Once the object and the scene were read, they both undertook the steps to extract the feature points from each image. As there were many feature points detected, the fifty best were displayed. This was done by the following code.

canPoints = detectSURFFeatures(canGrey);

canScenePoints = detectSURFFeatures(canSceneGray);




title(’50 Strongest Feature Points from Can Image’);

hold on;

plot(selectStrongest(canPoints, 50));




title(’50 Strongest Feature Points from Scene Image’);

hold on;

plot(selectStrongest(canScenePoints, 50));

The above code results in the features detected and shown in figure 6.8.


Figure 6.8: The fifty strongest feature points detected on both the can and the scene.

Once the feature points were detected the two images were compared and the feature points extracted in order to find any matches.

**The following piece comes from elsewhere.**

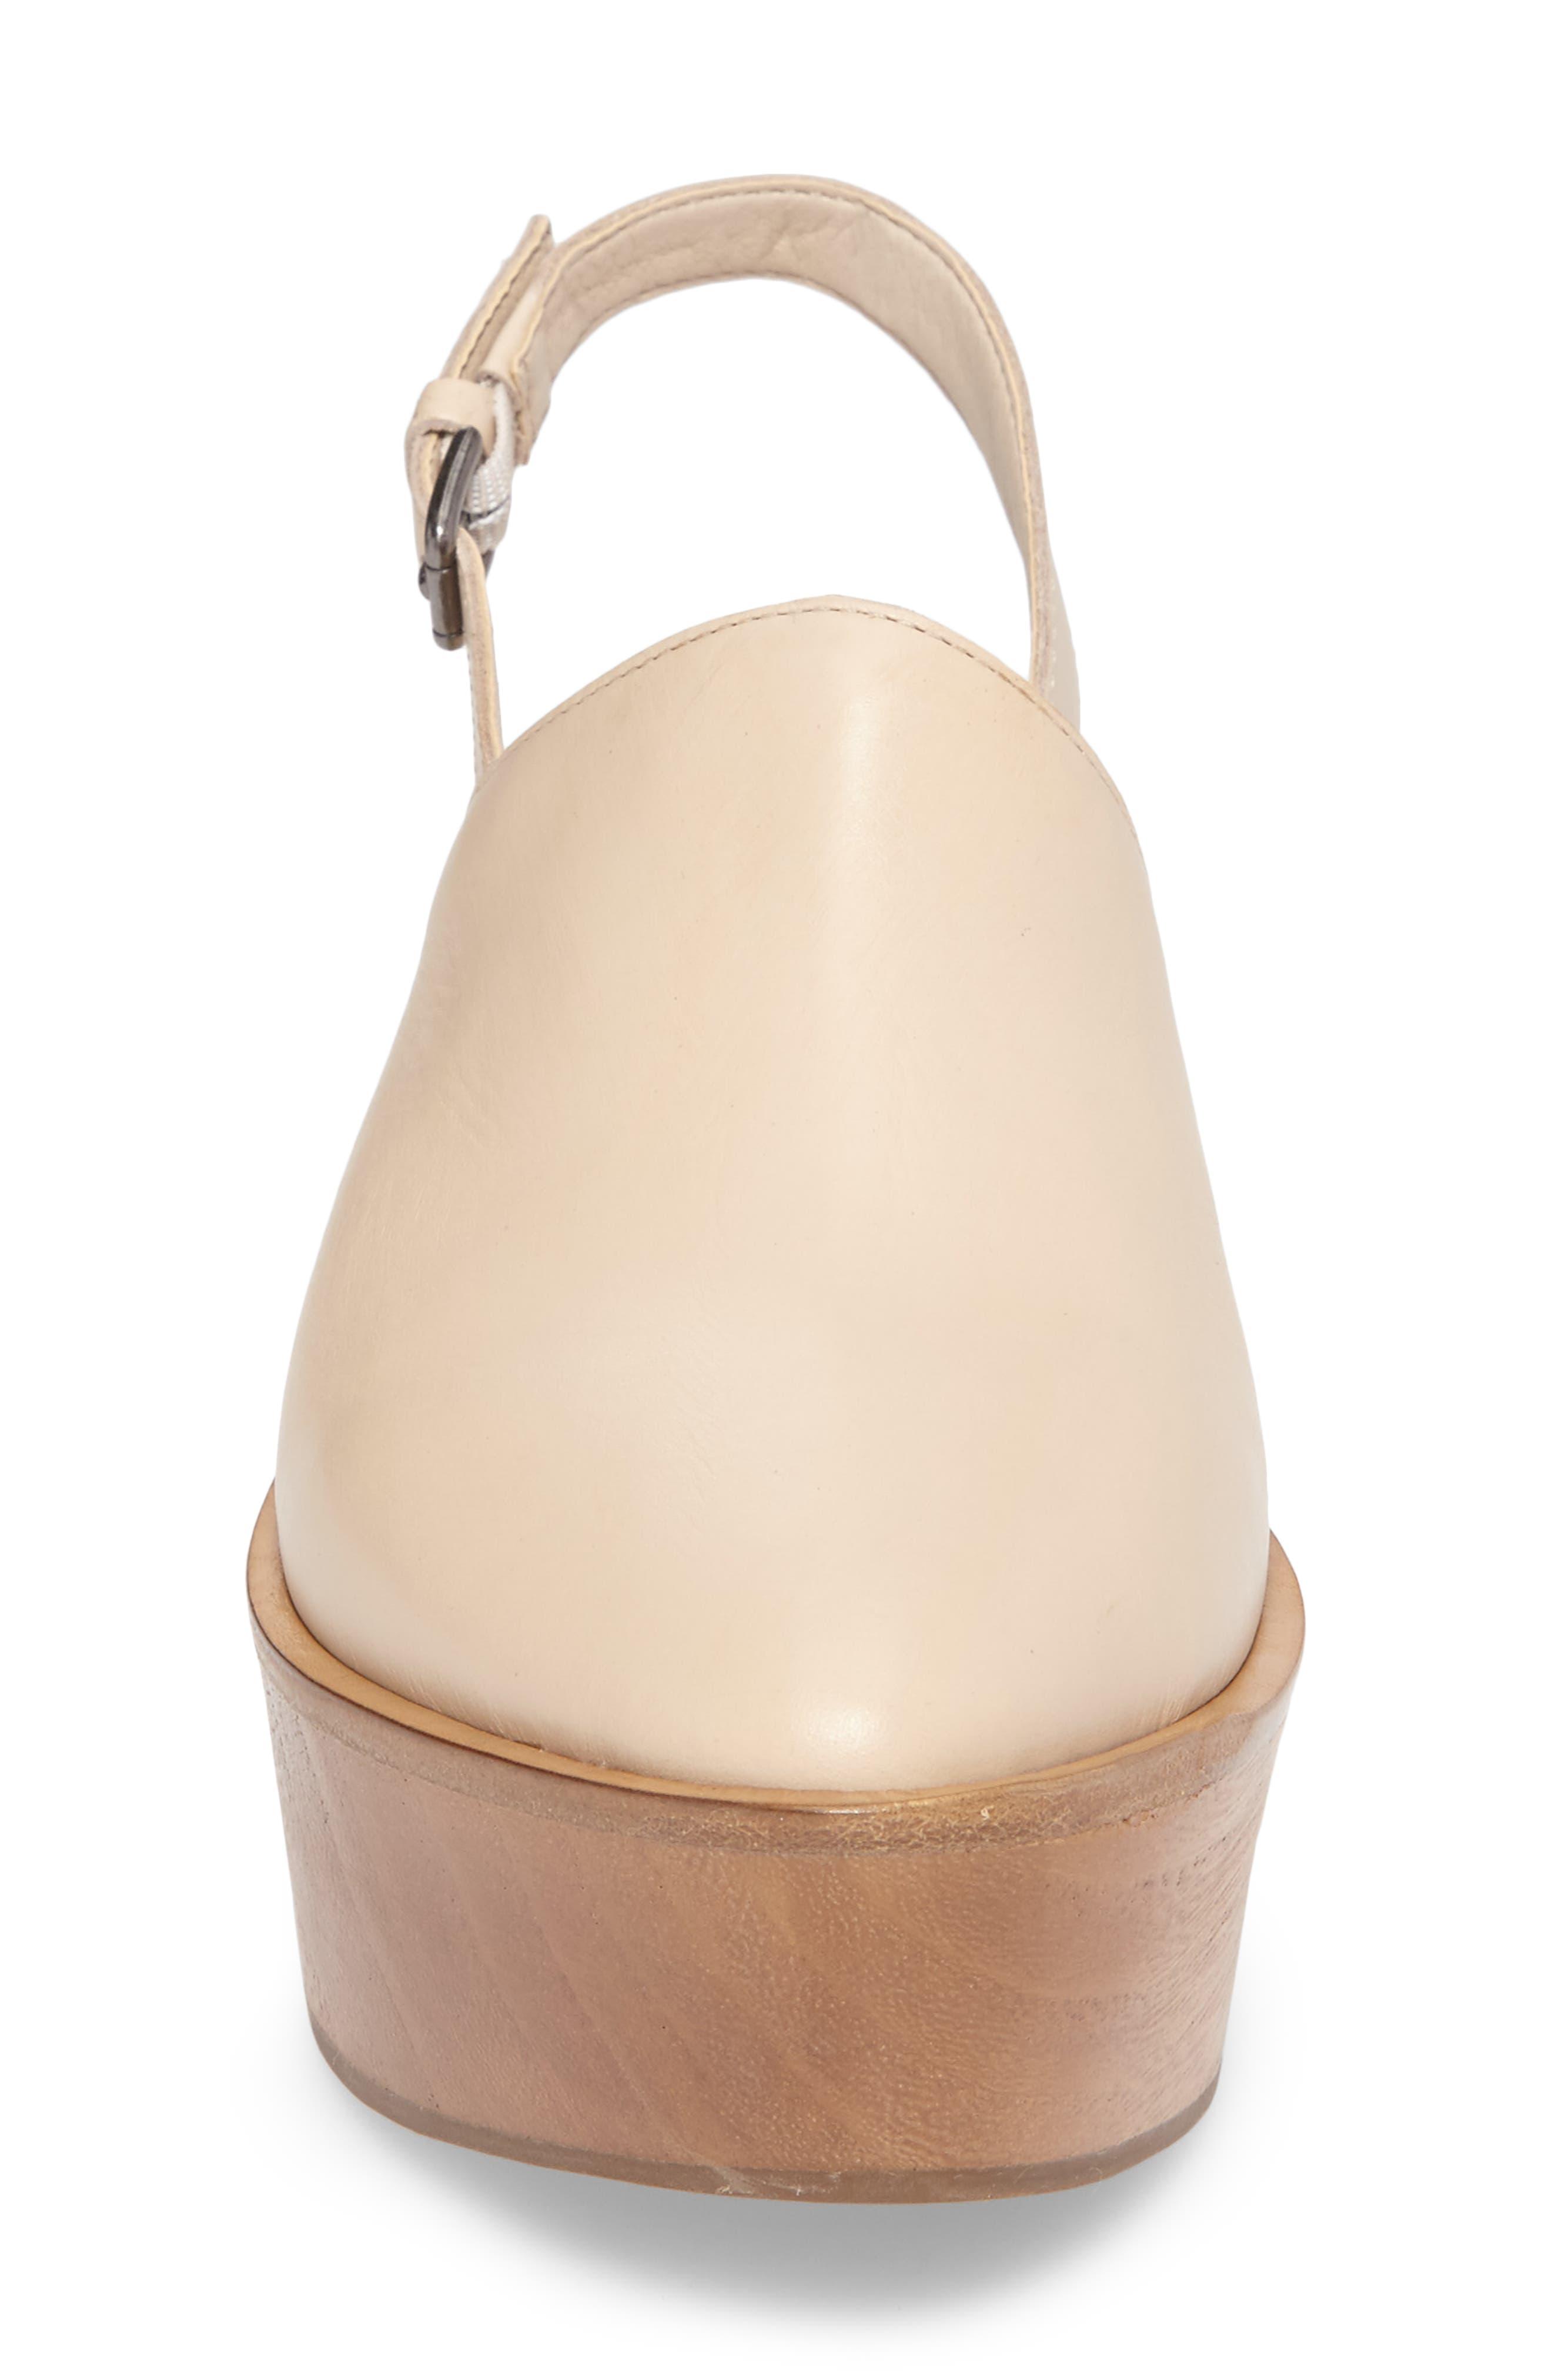 Eyals Slingback Platform Wedge Sandal,                             Alternate thumbnail 4, color,                             Natural Leather
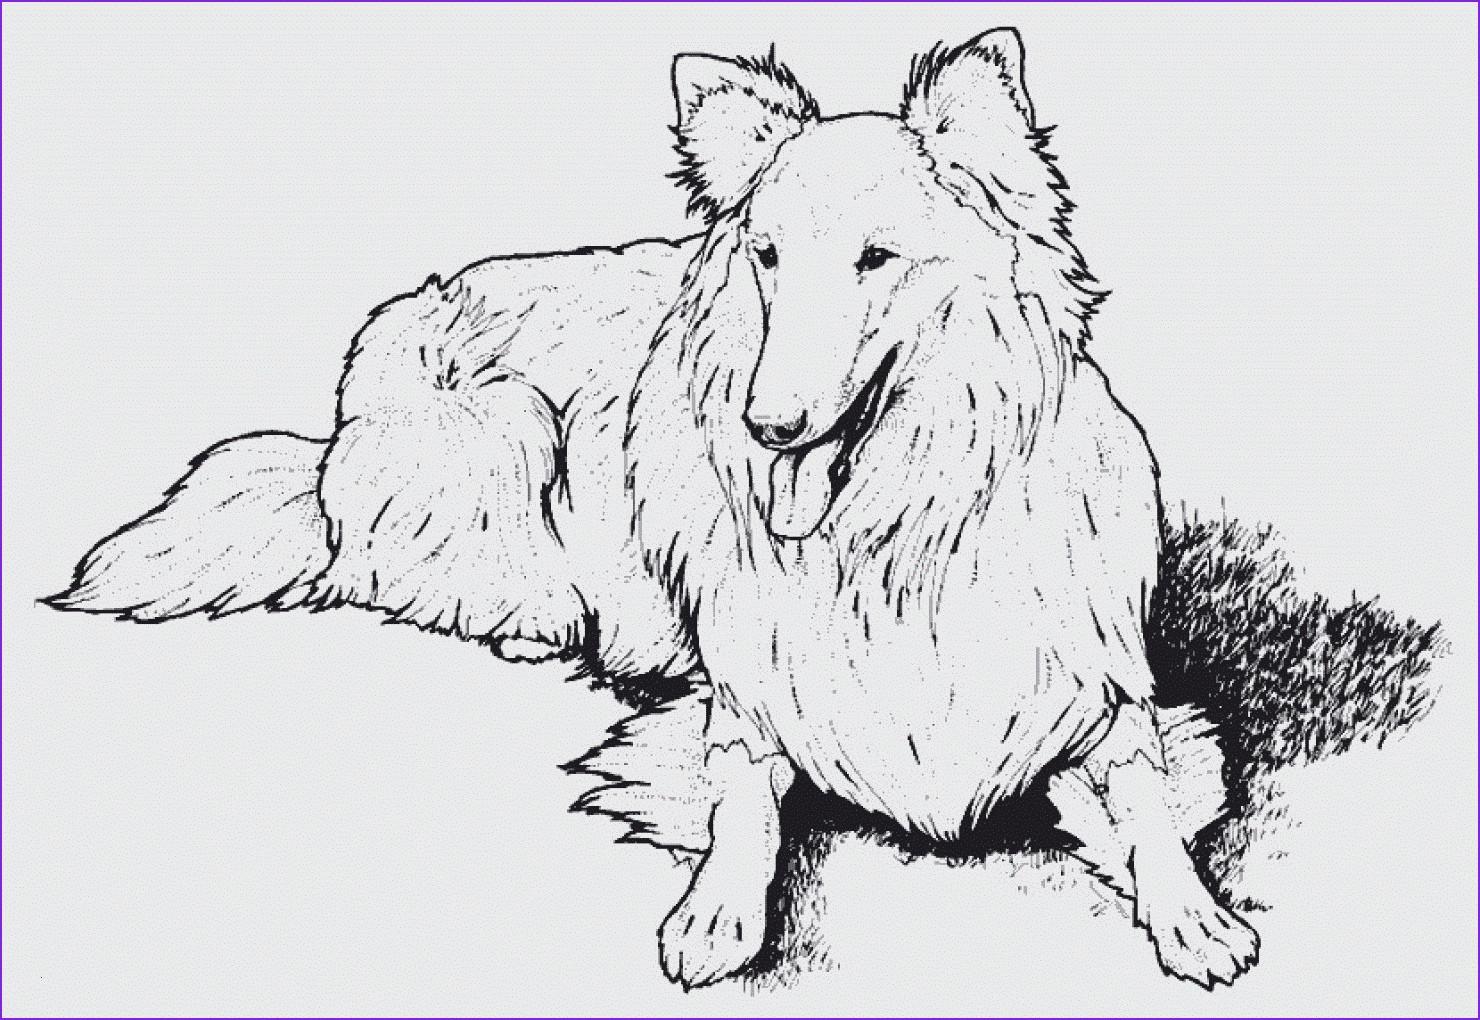 Ausmalbilder Zum Ausdrucken Hunde Inspirierend Bildergalerie & Bilder Zum Ausmalen Malvorlagen Mandala Schön Hunde Das Bild

The first step was to extract the features from both the object and the scene and then to match them. Next was to display the matched points on top of the original image for a visual representation. This was done by the following code.

[canFeatures, canPoints] = extractFeatures(canGrey, canPoints);

[sceneFeatures, canScenePoints] = extractFeatures(canSceneGray, canScenePoints);

canPairs = matchFeatures(canFeatures, sceneFeatures);

matchedCanPoints = canPoints(canPairs(:, 1), :);

matchedScenePoints = canScenePoints(canPairs(:, 2), :);



showMatchedFeatures(canGrey, canScene, matchedCanPoints, …

matchedScenePoints, ‘montage’);

title(‘Matched Points (Including Outliers)’);

The points on the image included any outlier points detected (points not within the boundry of the detected object). Figure 6.9 shows the result of this operation.


Figure 6.9: The matched points including outliers on the left and the matched points excluding the outliers on the right.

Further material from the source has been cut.